Survint alors une période de fort développement de la construction des pêcheries. Désir de reconquête de l’espace littoral, de renouer avec l’avant‑guerre, de profiter de l’augmentation du temps libre, tout cela se conjugue pour favoriser la prolifération des carrelets. L’auto construction se développe ; involontairement, l'E.D.F. apporte une aide précieuse à la construction des pontons de pêche en remplaçant les poteaux électriques en bois par des poteaux en béton, E.D.F. met sur le marché, à bas prix (10‑12 francs le poteau) le matériel pour construire des passerelles de grande dimension.
Les carrelets menacés
En quelques années les falaises se peuplent d’estacades de plus en plus longues, notamment à Meschers et à la pointe du Caillaud à Talmont. Le paysage en est radicalement transformé. Et c’est cette transformation du paysage qui va amener certaines menaces sur ces malheureux carrelets. La pêche au carrelet, loisir individuel, se trouve confrontée à l’expansion touristique de masse et aux loisirs collectifs et organisés. Il fut une période où certains organismes touristiques ont considéré que les carrelets, ouvrages utilitaires, dénaturaient les paysages naturels. Ils suscitaient l’hostilité de certains écologistes (qui y voyaient en plus une cause de la raréfaction du poisson !), des pêcheurs professionnels craignant la concurrence des amateurs, et de certains technocrates de Bruxelles ou d’ailleurs. Les carrelets étaient devenus des mal‑aimés !

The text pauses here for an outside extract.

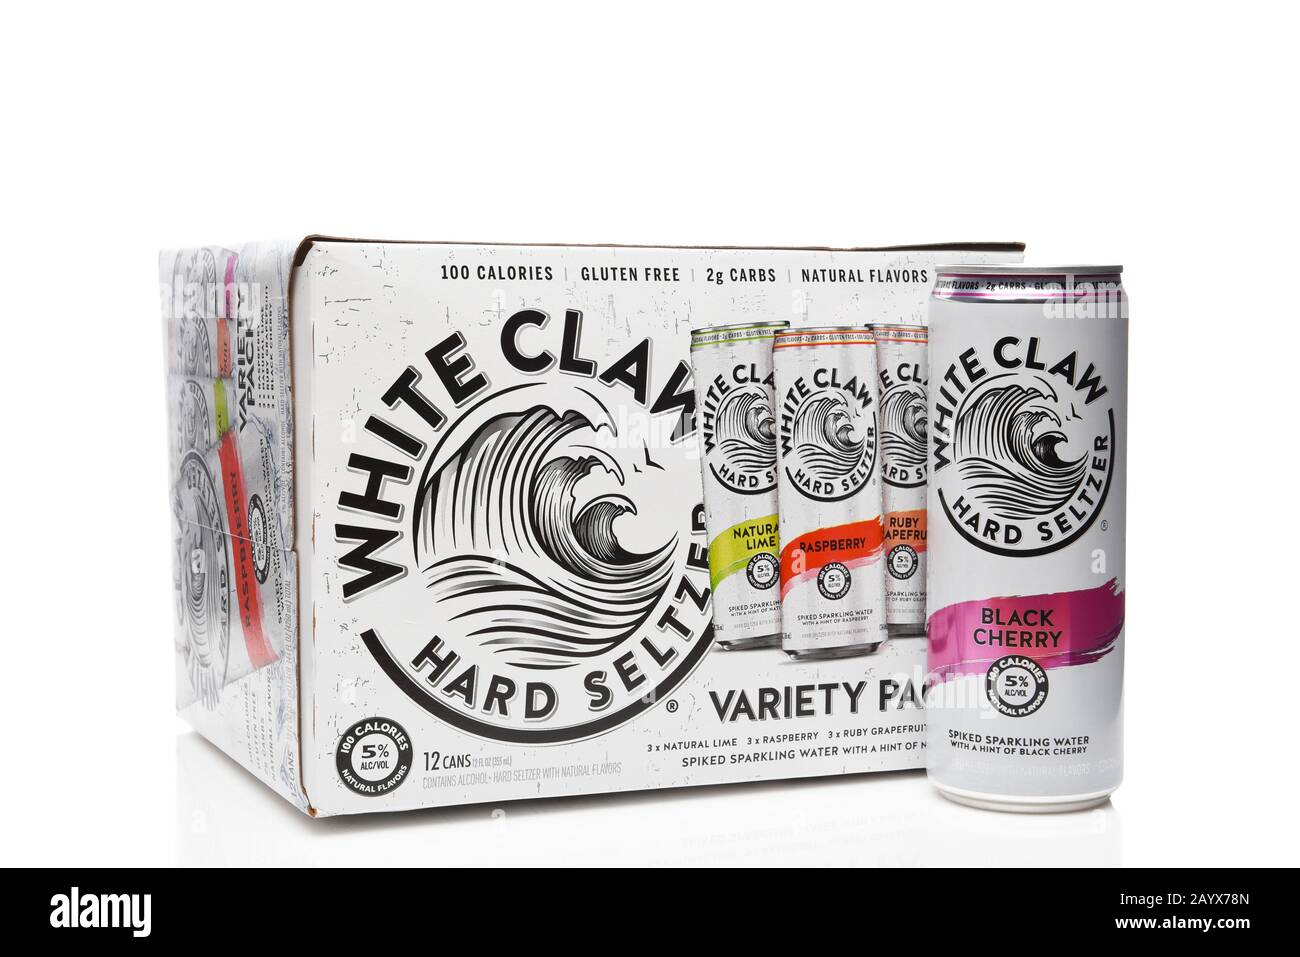 IRVINE, CALIFORNIA - 03 DEC 2019: White Claw Hard Seltzer 12 pack with one can. Stock Photo

Dans un même temps, les carrelets connurent une certaine désaffection, due à l’émergence de nouvelles formes de loisirs et à la raréfaction du poisson. Certaines installations furent abandonnées et se dégradèrent. Face à cette situation, un certain nombre de voix, à l’instar de Michel Crépeau, s’élevèrent pour la défense des carrelets. On commença à s’apercevoir qu’ils étaient devenus, petit à petit, un élément incontournable du paysage côtier. Et quand la tempête les eut fait disparaître, on se rendit alors compte que c’était leur disparition qui avait défiguré nos rivages ! Le monde du tourisme plaide pour la reconstruction des carrelets disparus et réclame, avec les propriétaires, des aides financières pour la reconstitution de ce paysage.
En un siècle, les carrelets ont conquis, contre vents et marées, contre les tempêtes et l’animosité de certains, leur appartenance au patrimoine de notre région.
Michel Crépeau (1930‑1999)
est un avocat et homme politique français. Il est maire de La Rochelle de 1971 jusqu'à sa mort et plusieurs fois ministre de 1981 à 1986.